AN ANALYTICAL SOLUTION FOR OSCILLATIONS WITHIN AN ELLIPTICAL HARBOR

  • 摘要: 通过坐标变换将线性长波方程转换为基于椭圆坐标系的水波运动方程,并采用分离变量法分别得到马丢方程描述的极角方向运动方程和拓展型马丢方程描述的径向运动方程。椭圆形港湾内的水波共振可以表示为马丢函数与拓展型马丢函数的乘积。由边界处自由水面法向量梯度为零求得水波共振的特征参数。

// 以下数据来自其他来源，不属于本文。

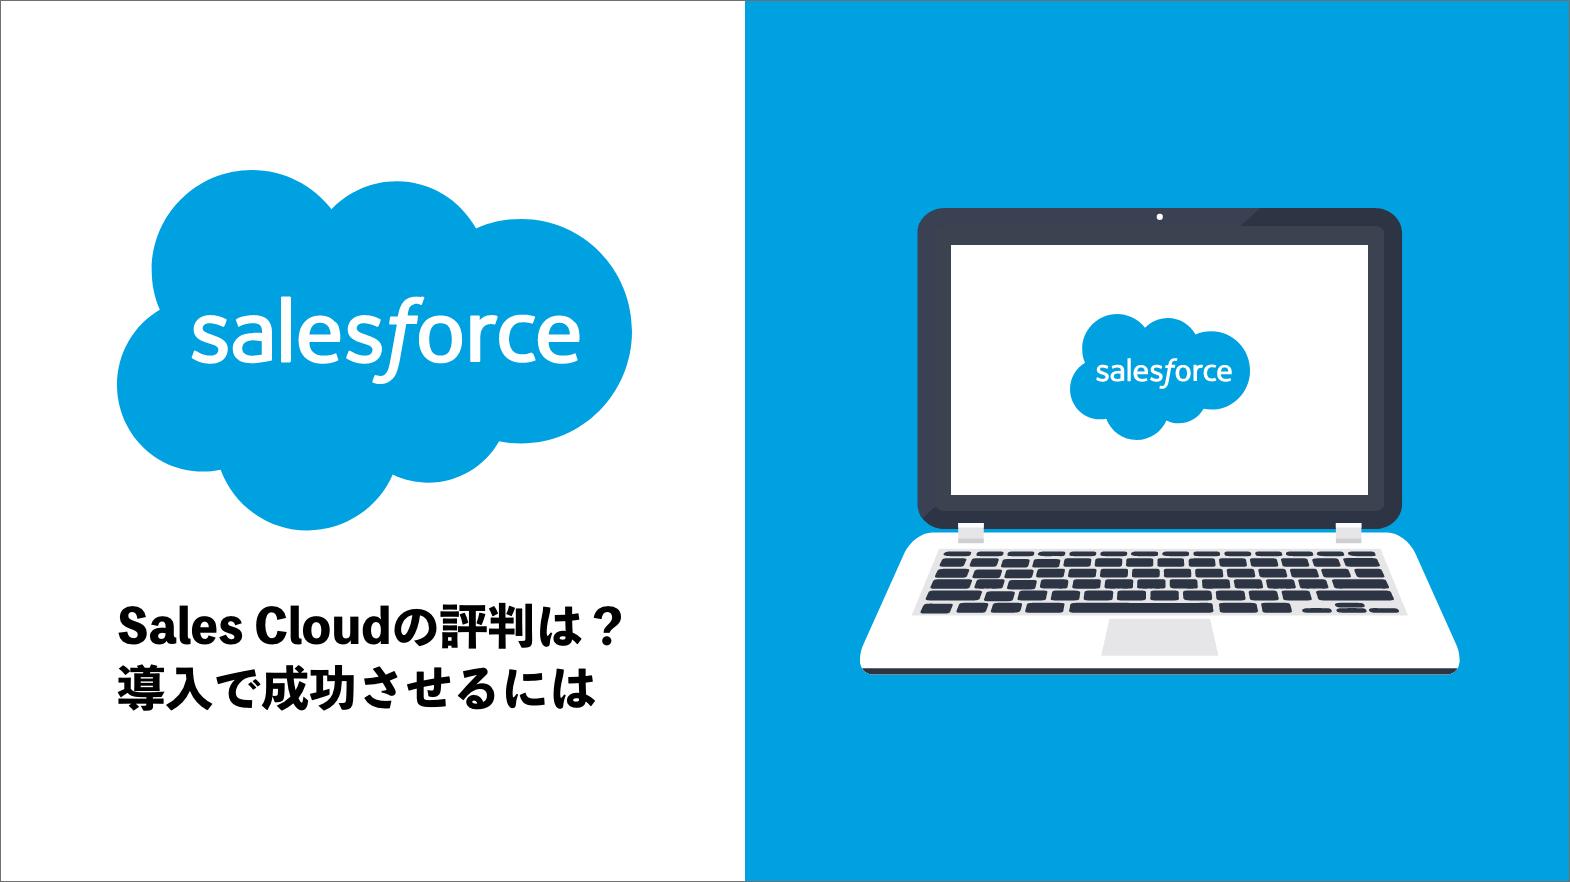 Salesforce(セールスフォース)のSales Cloudの評判は?導入で成功させるには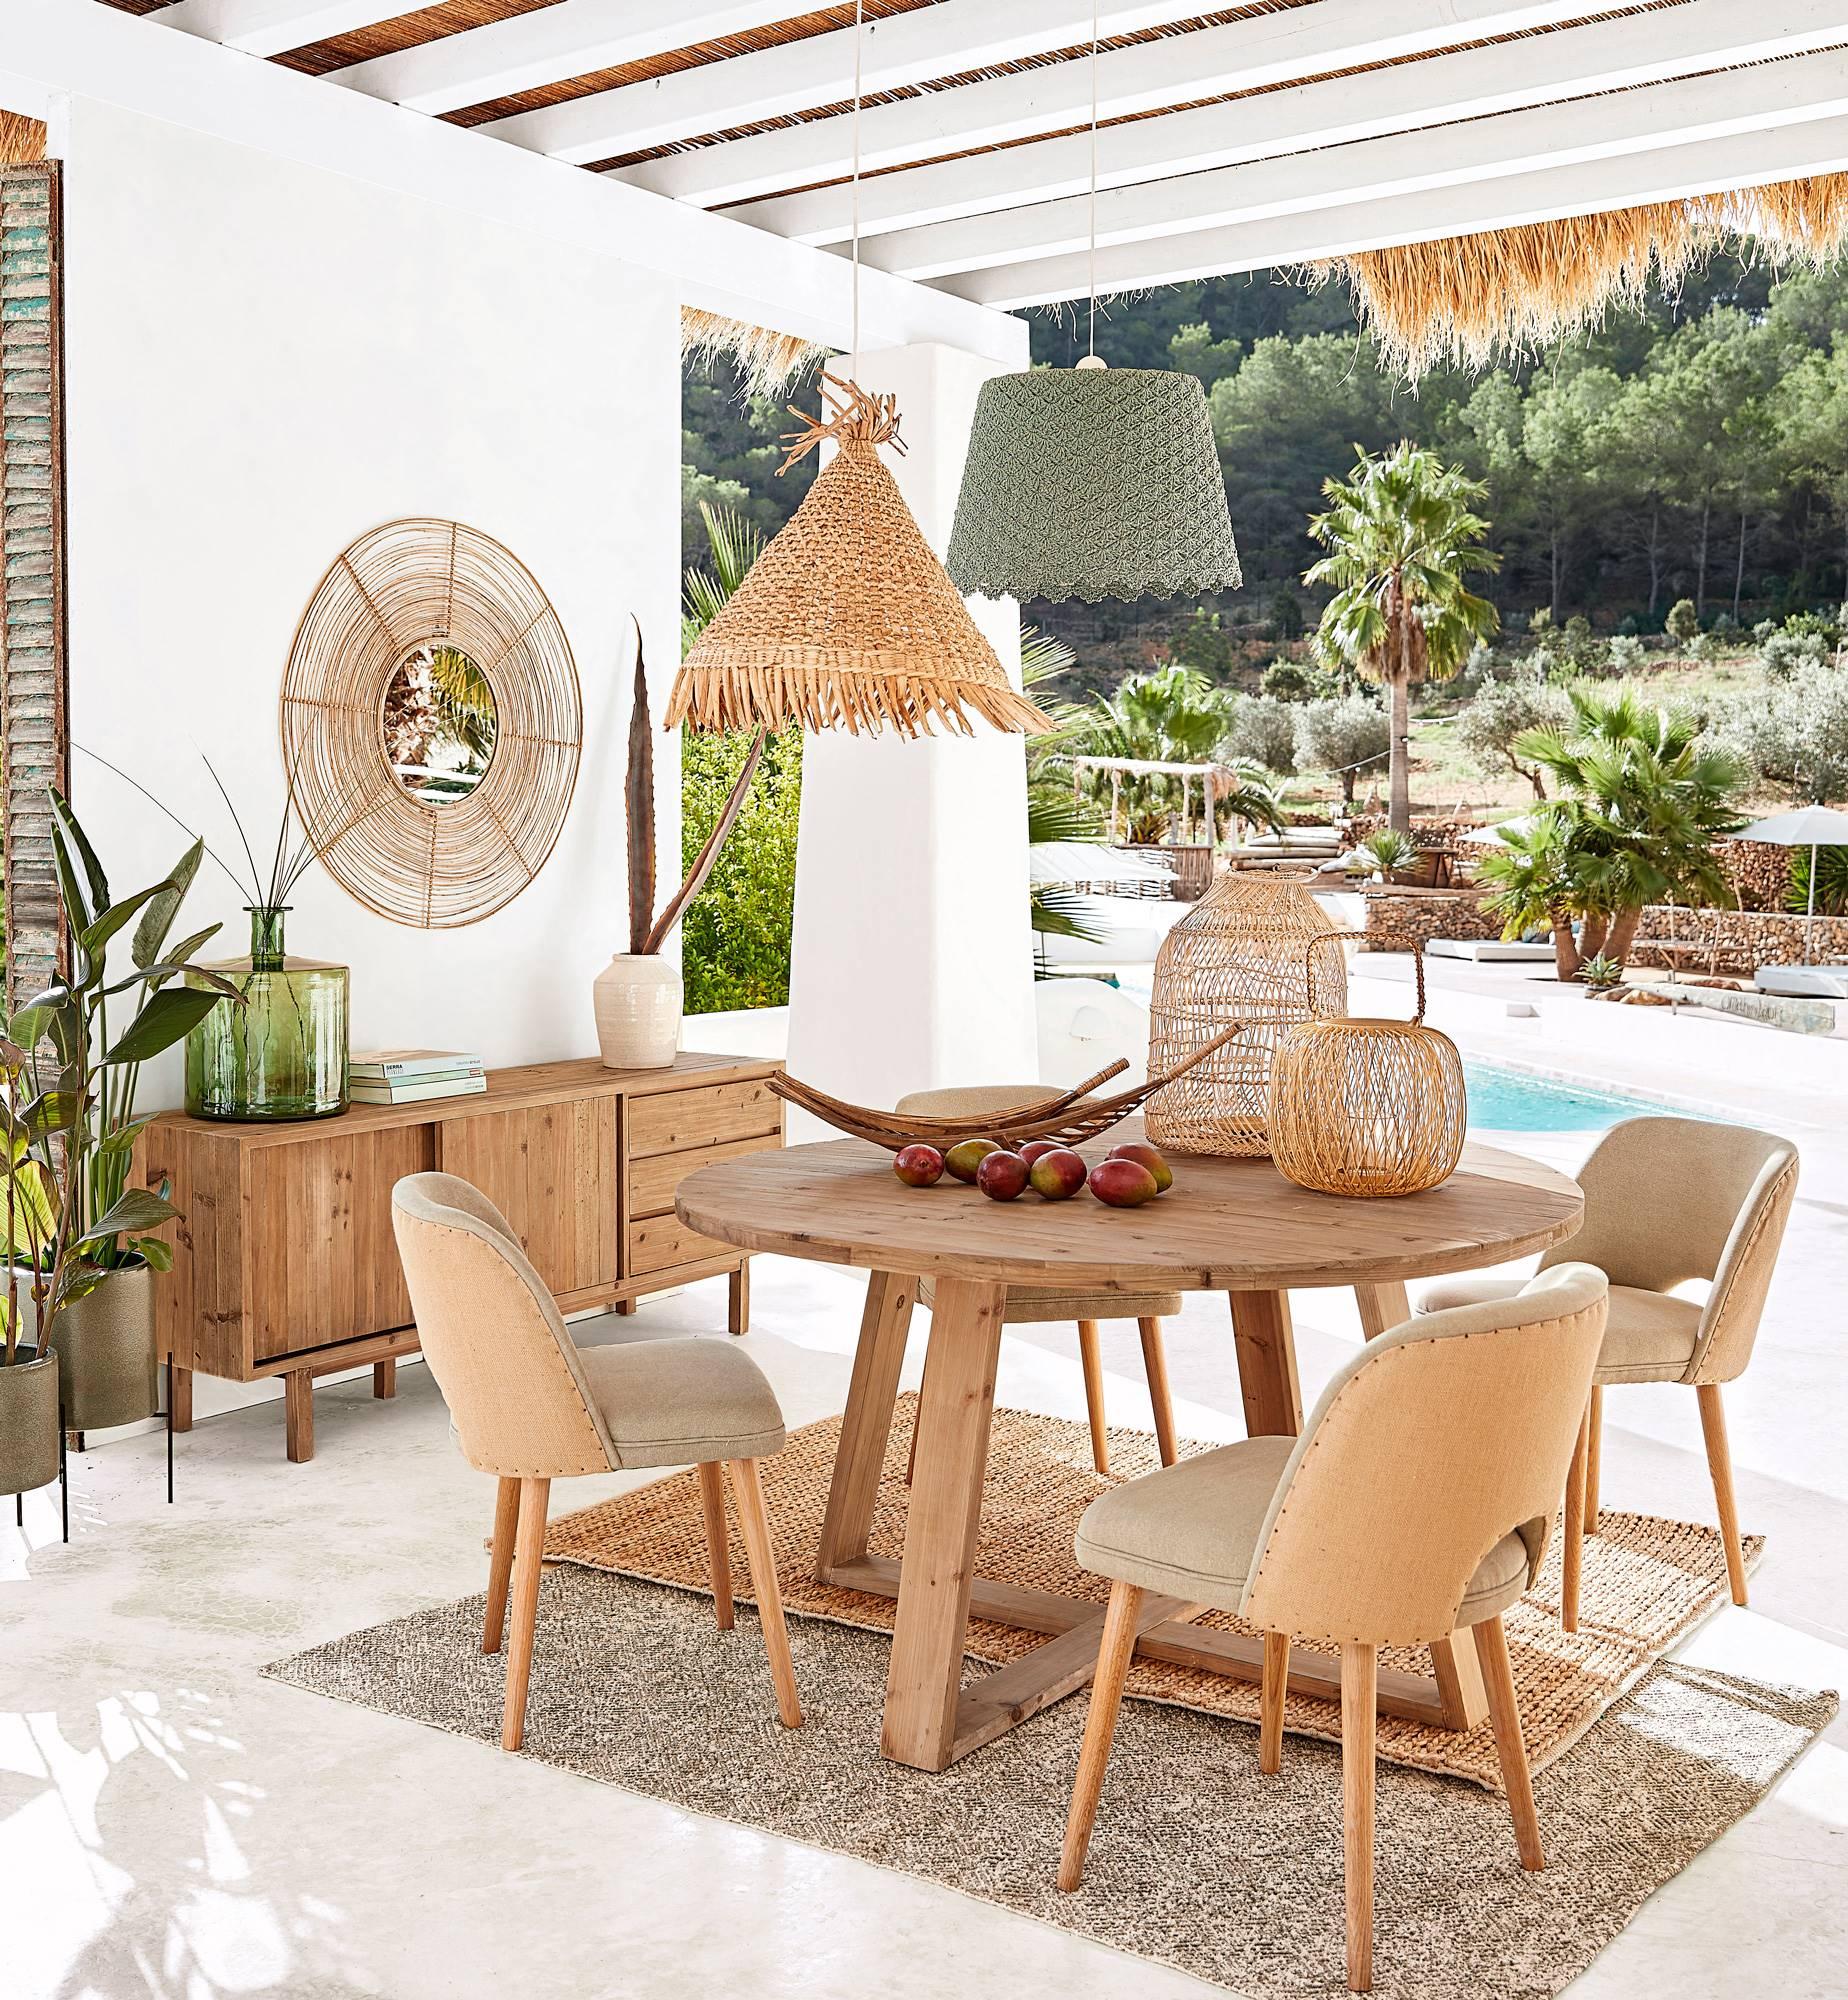 Maison Du Monde München : muebles para la primavera verano de maisons du monde ~ Watch28wear.com Haus und Dekorationen

椭圆形港湾内水波共振的极角方向波节点数与马丢函数的阶数相同,径向波节点数与边界条件相关。

     

    Abstract: A linear function is obtained by transforming the shallow-water wave equation from rectangular coordinates to elliptic coordinates, which gives the ordinary and the modified Mathieu equations respectively to describe oscillations in the polar and the radial directions by applying the method of separation of variables. Oscillations within an elliptical harbor can be described by appropriate products of radial and angular Mathieu functions. Eigenvalues are obtained by implementing the no-flux condition at the boundary. The oscillation is a two dimension distribution, and there are n nodes running in the polar direction, which is the same as the order of the angular Mathieu function; the nodes in radial direction are related with the boundary condition.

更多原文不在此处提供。